Data publikacji 04.12.2014

Jak co roku,
nadeszły chłody. To trudna pora roku szczególnie dla osób zagrożonych
wychłodzeniem organizmu. Dlatego rozejrzyjmy się wokół nas, może ktoś bez dachu
nad głową, osoba w starszym wieku czy z różnych względów nieporadna ...

Jak co roku, nadeszły chłody. To trudna pora roku szczególnie dla osób zagrożonych wychłodzeniem organizmu. Dlatego rozejrzyjmy się wokół nas, może ktoś bez dachu nad głową, osoba w starszym wieku czy z różnych względów nieporadna potrzebuje naszej pomocy, bez której nie przetrwa tej zimy.

     Od kilku dni temperatury na zewnątrz zarówno w dzień, jak i w nocy  spadają poniżej zera. Te trudne warunki atmosferyczne często bywają przyczyną śmierci z powodu wychłodzenia organizmu. Najczęściej dotyczy to osób bezdomnych, chorych, pod wpływem alkoholu, które długo przebywają na dworze czy nocują w pomieszczeniach nieogrzewanych. Osoby takie możemy spotkać wokół nas. Nierzadko szukają one schronienia w pustostanach, niezamykanych piwnicach, na terenie ogródków działkowych czy w innych ustronnych miejscach. Problem ten dotyczy również osób w starszym wieku, samotnie mieszkających i nieporadnych, które nie mogą sobie poradzić z codziennymi czynnościami jak np. napalenie w piecu, aby ogrzać mieszkanie. Pamiętajmy, że wystarczy niewiele czasu, aby doszło do wyziębienia organizmu lub zamarznięcia. Apelujemy o zgłaszanie takich przypadków dyżurnemu lipnowskiej policji na alarmowy numer telefonu 997 i 112 lub miejski (054) 231 86 21. Wszystkie tego typu przypadki będą sprawdzane, a potrzebujący otrzymają  pomoc.  

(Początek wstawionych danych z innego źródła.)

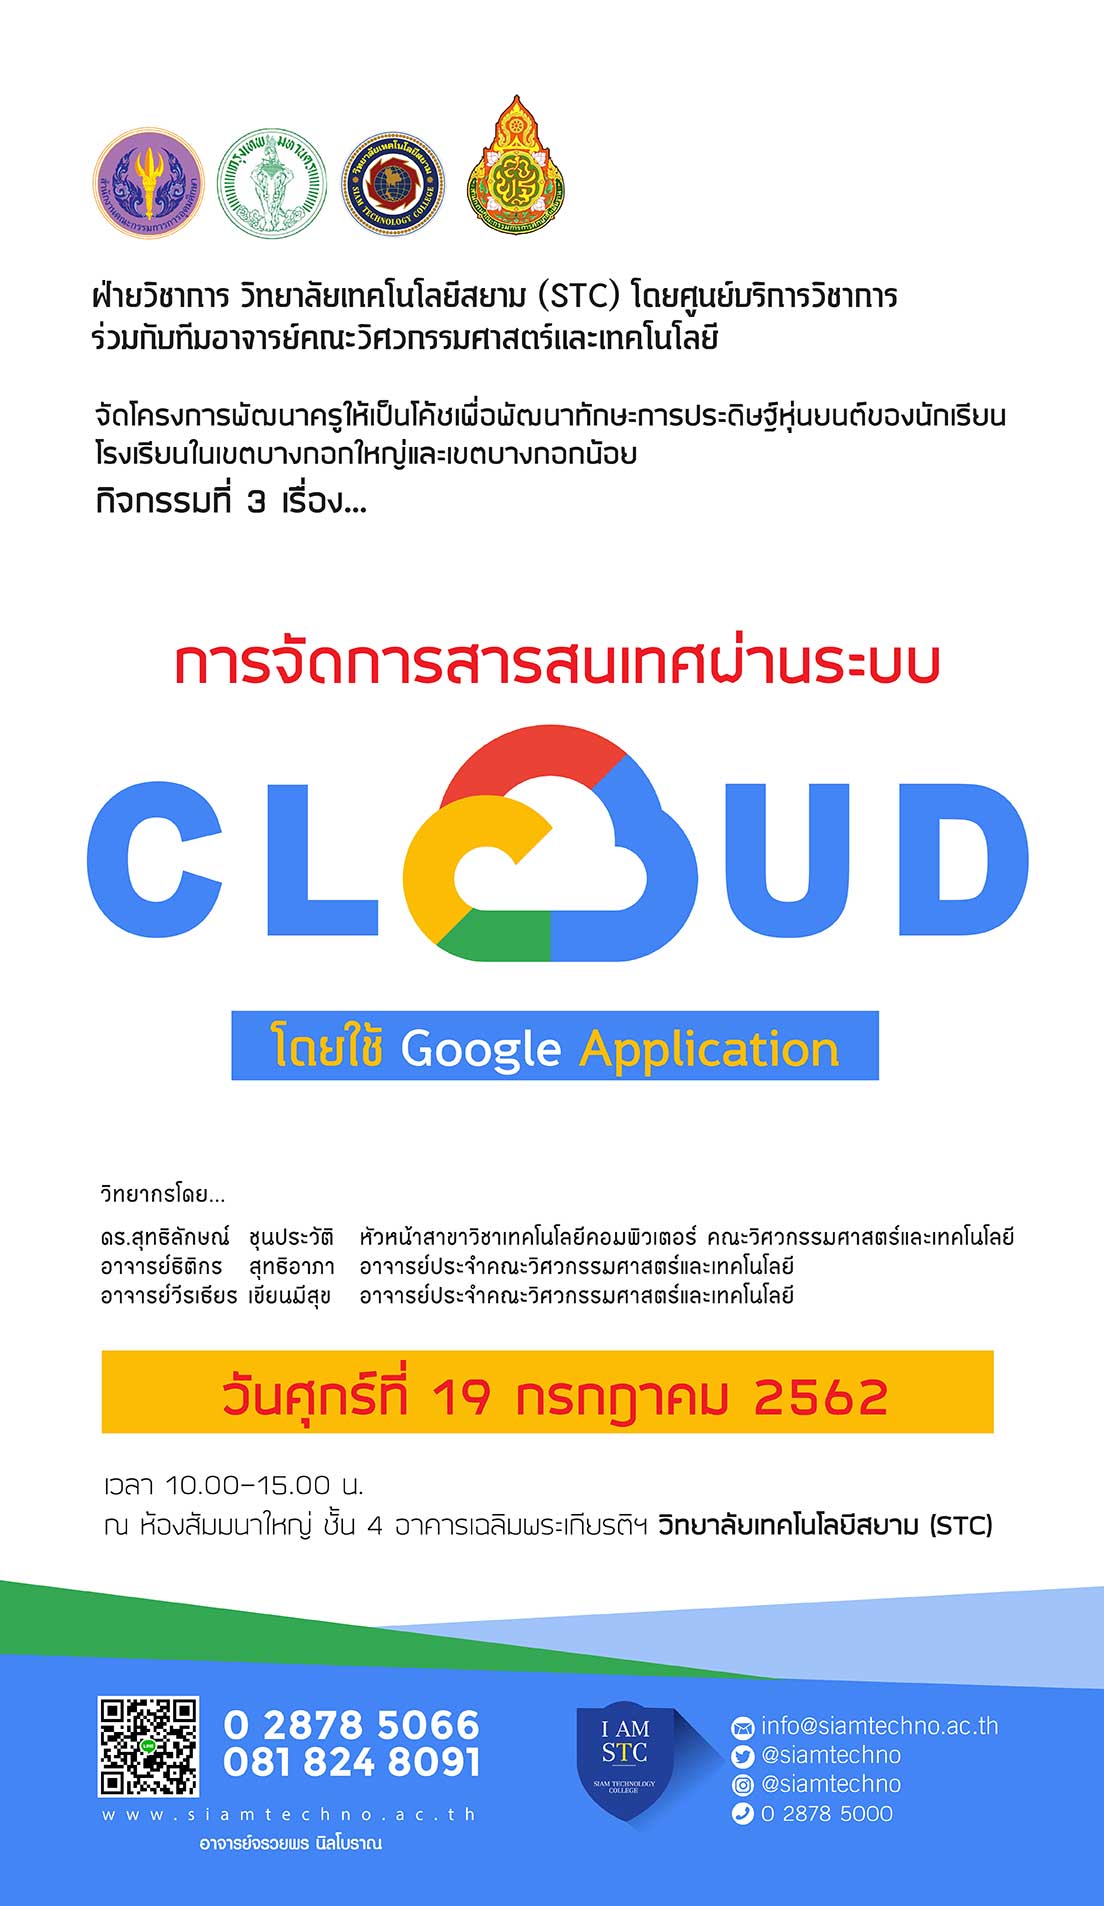 ศูนย์บริการวิชาการ วิทยาลัยเทคโนโลยีสยาม กับ การจัดการสารสนเทศผ่านระบบ Cloud โดยใช้ Google Application

Nie bądźmy obojętni, nasza reakcja może uratować komuś życie!

Mając na względzie ujemną temperaturę na dworze uczulamy, że alkohol w tych warunkach nie działa rozgrzewająco. Daje jedynie chwilowe i złudne poczucie ciepła. Spożyty alkohol rozszerza naczynia krwionośne przyspieszając wymianę ciepła organizmu z temperaturą otoczenia, co w konsekwencji skutkuje ekspresowym wychłodzeniem. Przestrzegamy także przed niebezpiecznymi „spacerami” pod wpływem alkoholu, często podczas powrotu do domu, na tzw. „skróty” przez mało uczęszczane miejsca. Wystarczy chwila nieuwagi, aby się poślizgnąć czy potknąć, upaść i nie móc się podnieść. Wtedy o tragedię nie trudno.